Microscope Images of Cells

Background

Phytoplankton are microscopic, single-celled plants that are found in almost every aquatic environment including fresh and marine waters and even moist soils. As producers (autotrophs), they form the basis of all aquatic food chains, giving off oxygen as a by-product of photosynthesis. The oceans produce 20 BILLION tons of phytoplankton per year which produce 65-75% of the world's oxygen.

Diatoms are one of the most common types of phytoplankton. A characteristic feature of these single-celled algae is that they are encased within a unique cell wall made of silica that is almost like a glass house, thus allowing light to pass through to the chloroplast for photosynthesis. The construction of the cell wall (called the frustule) consists of two valves that fit into each other like a little pill box, with an amazing diversity in form that shows complex shapes, sizes, and patterns. Some have elaborate ornamentation or small projections to bolster the plant's ability to float in the water closer to the sunlight.

There are two basic body shapes of diatoms. Centric (round) and pennate (thin ellipse).

Scanning electron micrograph of centric diatom. Diameter of frustrule is ~10 μm

Scanning electron micrograph of pennate diatom 5000X magnification.

Due to the wide diversity in form, beautiful symmetry, and exquisite design of diatom frustules, the cells are ideal subjects for study under the microscope. About a thousand times smaller than a pinhead, diatoms are commonly between 20-200 microns in length, and due to the intricate markings of certain species they are even used in testing the resolving power of microscope lens.

Many species of diatoms are restricted to certain regions with specific pH, salinity, and nutrient levels. When nutrient and light conditions are right, all diatoms are able to bloom - reproduce very quickly into huge numbers. Knowing what species grow where, scientists can use diatom communities as a tool for monitoring environmental conditions and they are being used to monitor everything from water quality, effects of acid rain, and global climate change. Due to their sensitivity to pollutants, diatoms have frequently been used to evaluate the impact of domestic sewage or industrial waste on the aquatic environment.

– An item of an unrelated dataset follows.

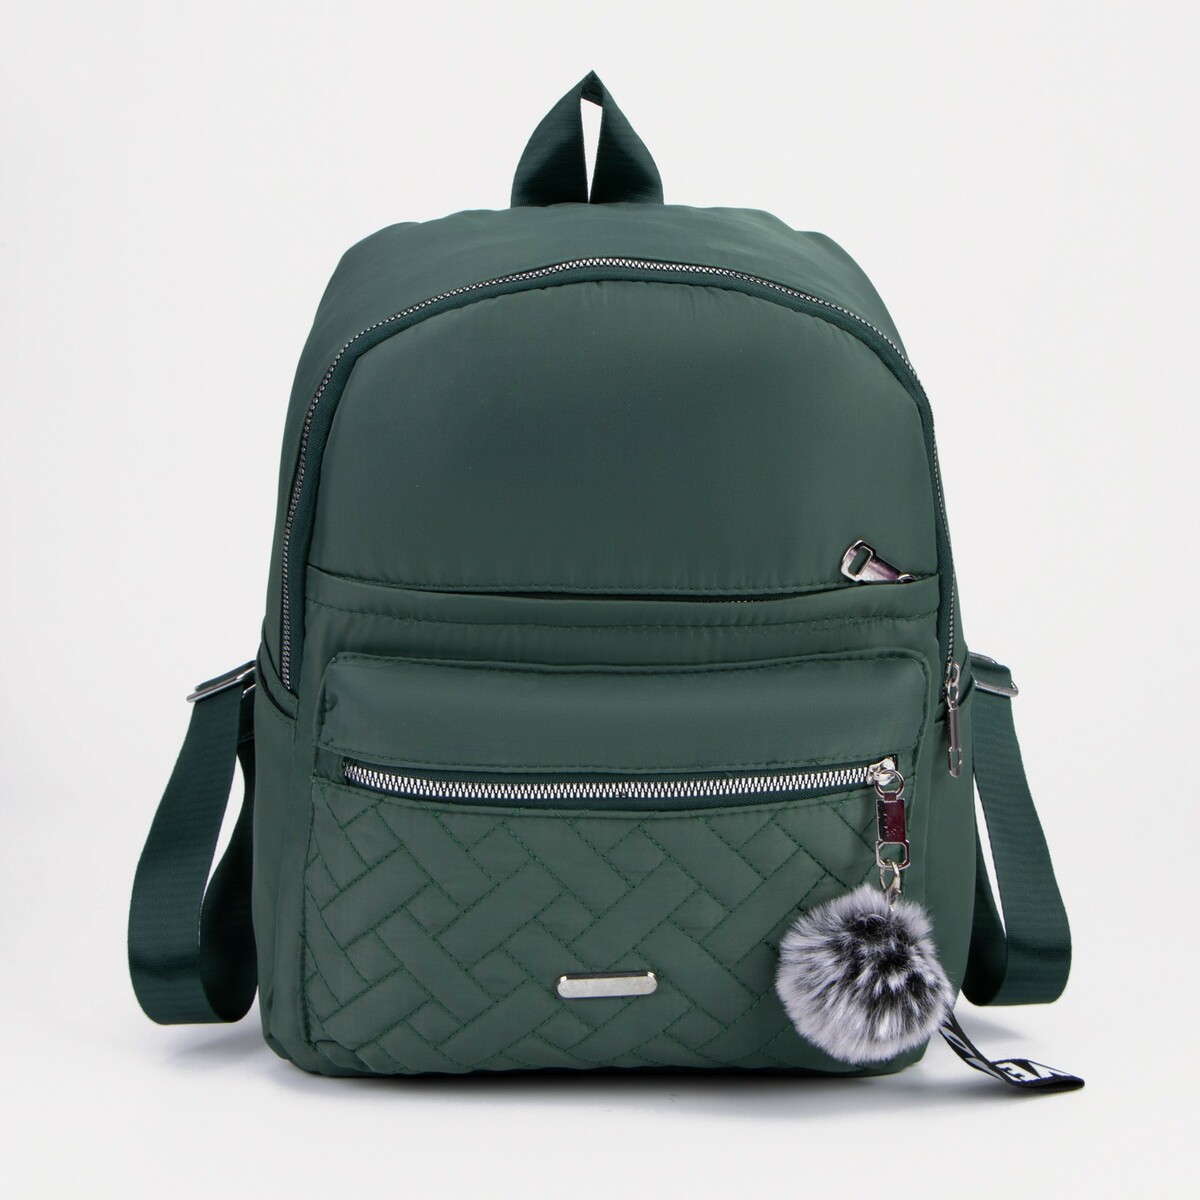 Рюкзак, отдел на молнии, 2 наружных кармана, 2 боковых кармана, цвет зелёный, No brand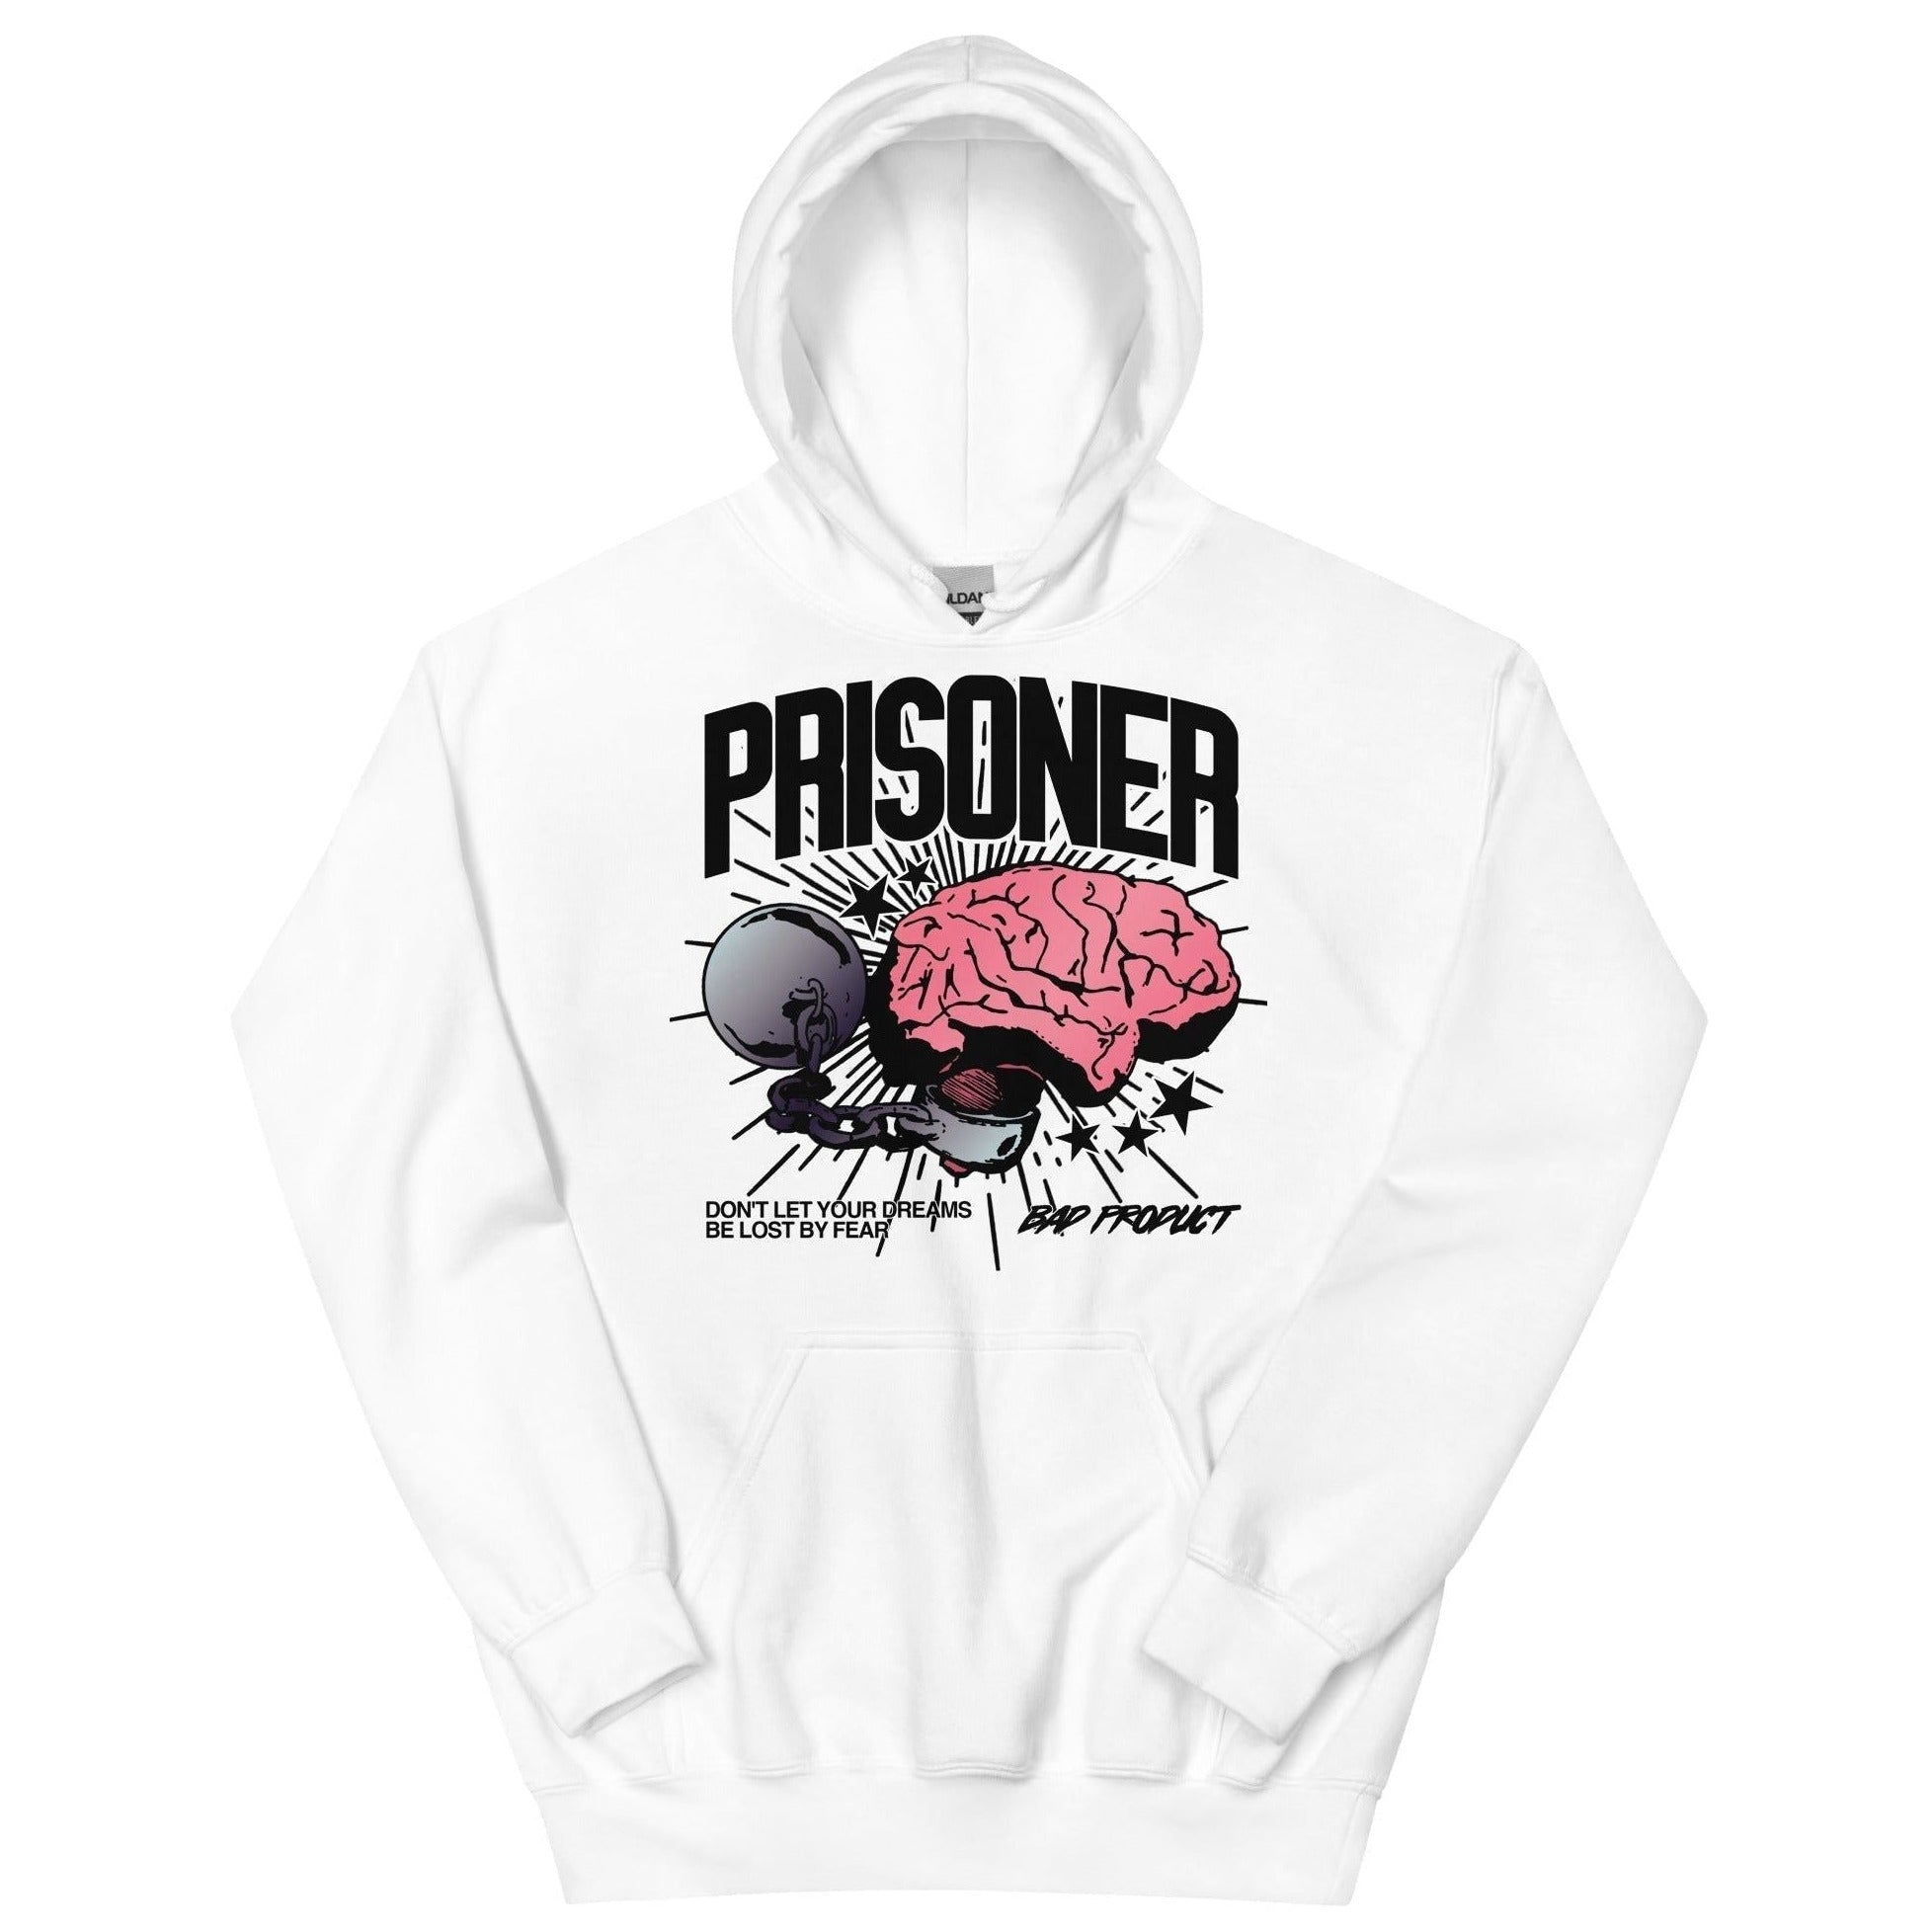 Prisoner Hoodie - Bad Product

In a non-polluted environment there will usually be a very high diversity of diatoms, while a polluted environment will show a very low diversity with only a few different kinds of diatoms. Because the cell walls of diatoms are composed of silicon, they are preserved in lake and ocean sediments. Thus, their fossils can be used to reconstruct past environmental conditions, such as climatic records, over time

Under certain conditions great concentrations of diatom frustules can accumulate and be preserved enough to form sediments. Rock that is largely composed of diatoms is called diatomite. These deposits are of economic benefit with diatomite used commercially in high quality chemical filters, sugar refining, toothpaste, fireproof insulation, silver polish, paint, and as an abrasive agent in flea powder.